Exercise description
Transcribe only the lines of the listing below from the one holding "Samsung 55 Inch QN90B Neo QLED 4K Smart TV" through the one holding "Reservoir Dogs Bloody Days Title Art", inclusive, without any change.

====== Exercise materials ======

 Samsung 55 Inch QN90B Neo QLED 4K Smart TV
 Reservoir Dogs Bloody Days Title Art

======
====== Exercise materials ======

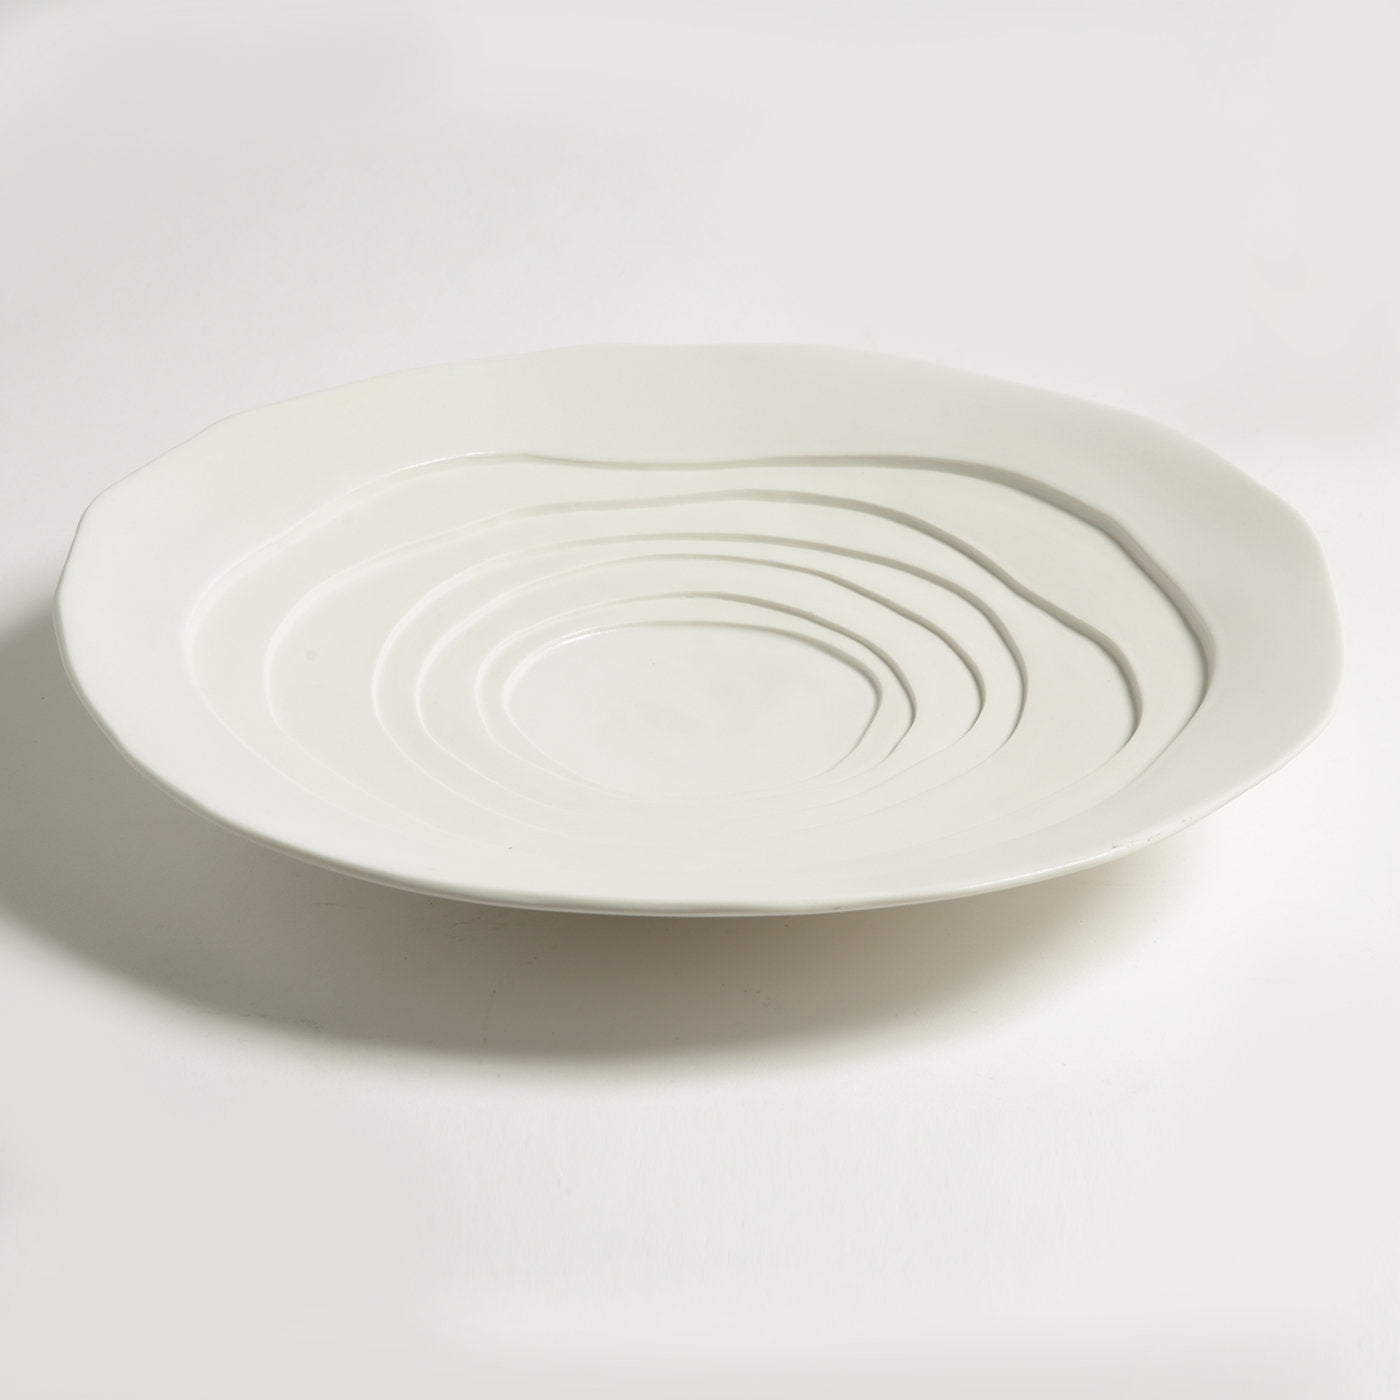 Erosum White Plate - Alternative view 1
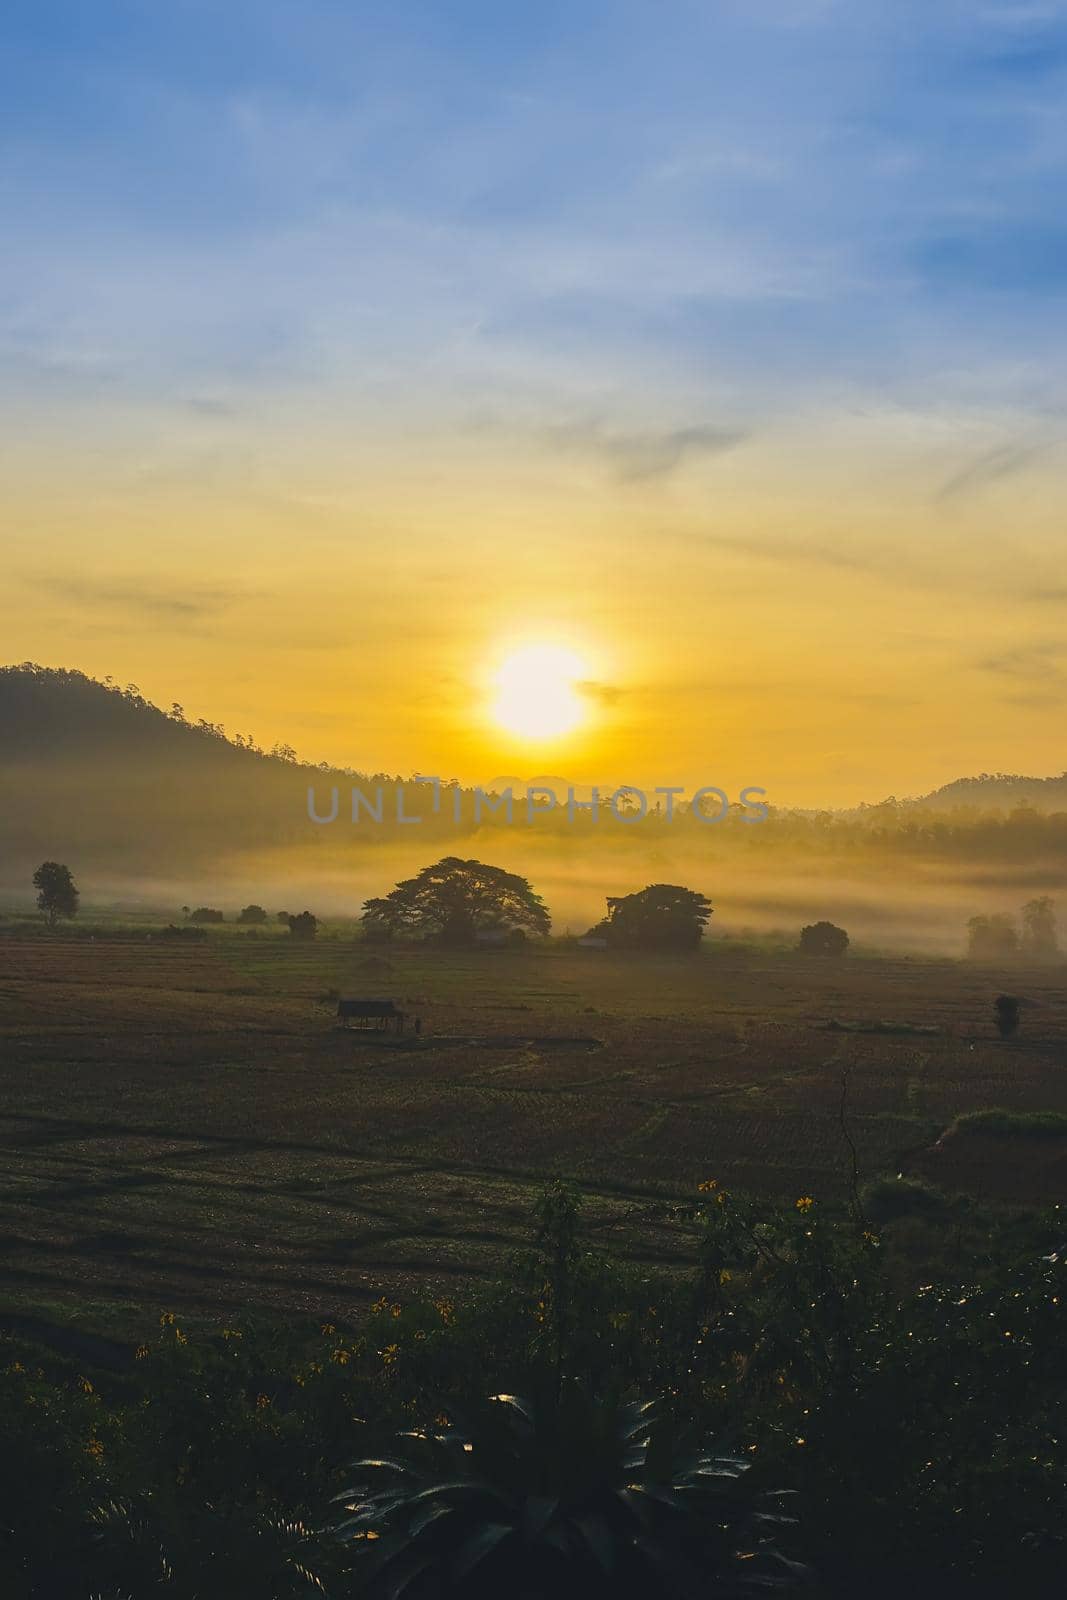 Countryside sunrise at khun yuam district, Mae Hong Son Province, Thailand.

======
====== Exercise materials ======

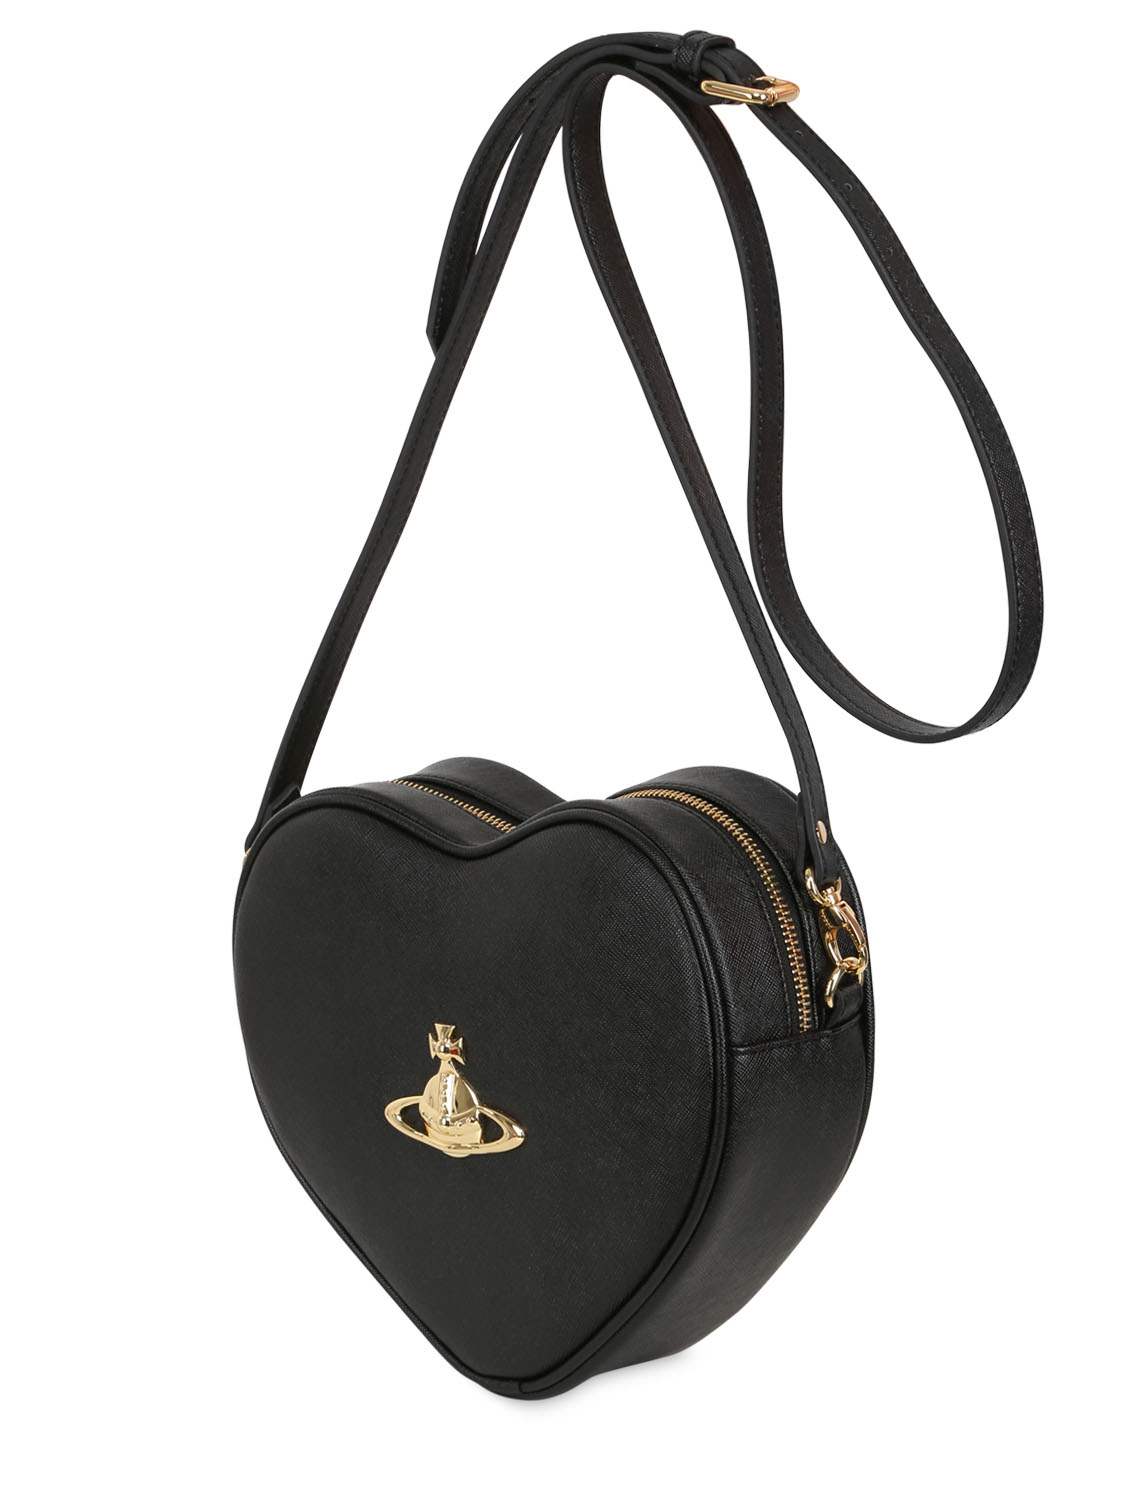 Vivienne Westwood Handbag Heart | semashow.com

======

Solution for this task
 Samsung 55 Inch QN90B Neo QLED 4K Smart TV
 Reservoir Dogs Bloody Days Title Art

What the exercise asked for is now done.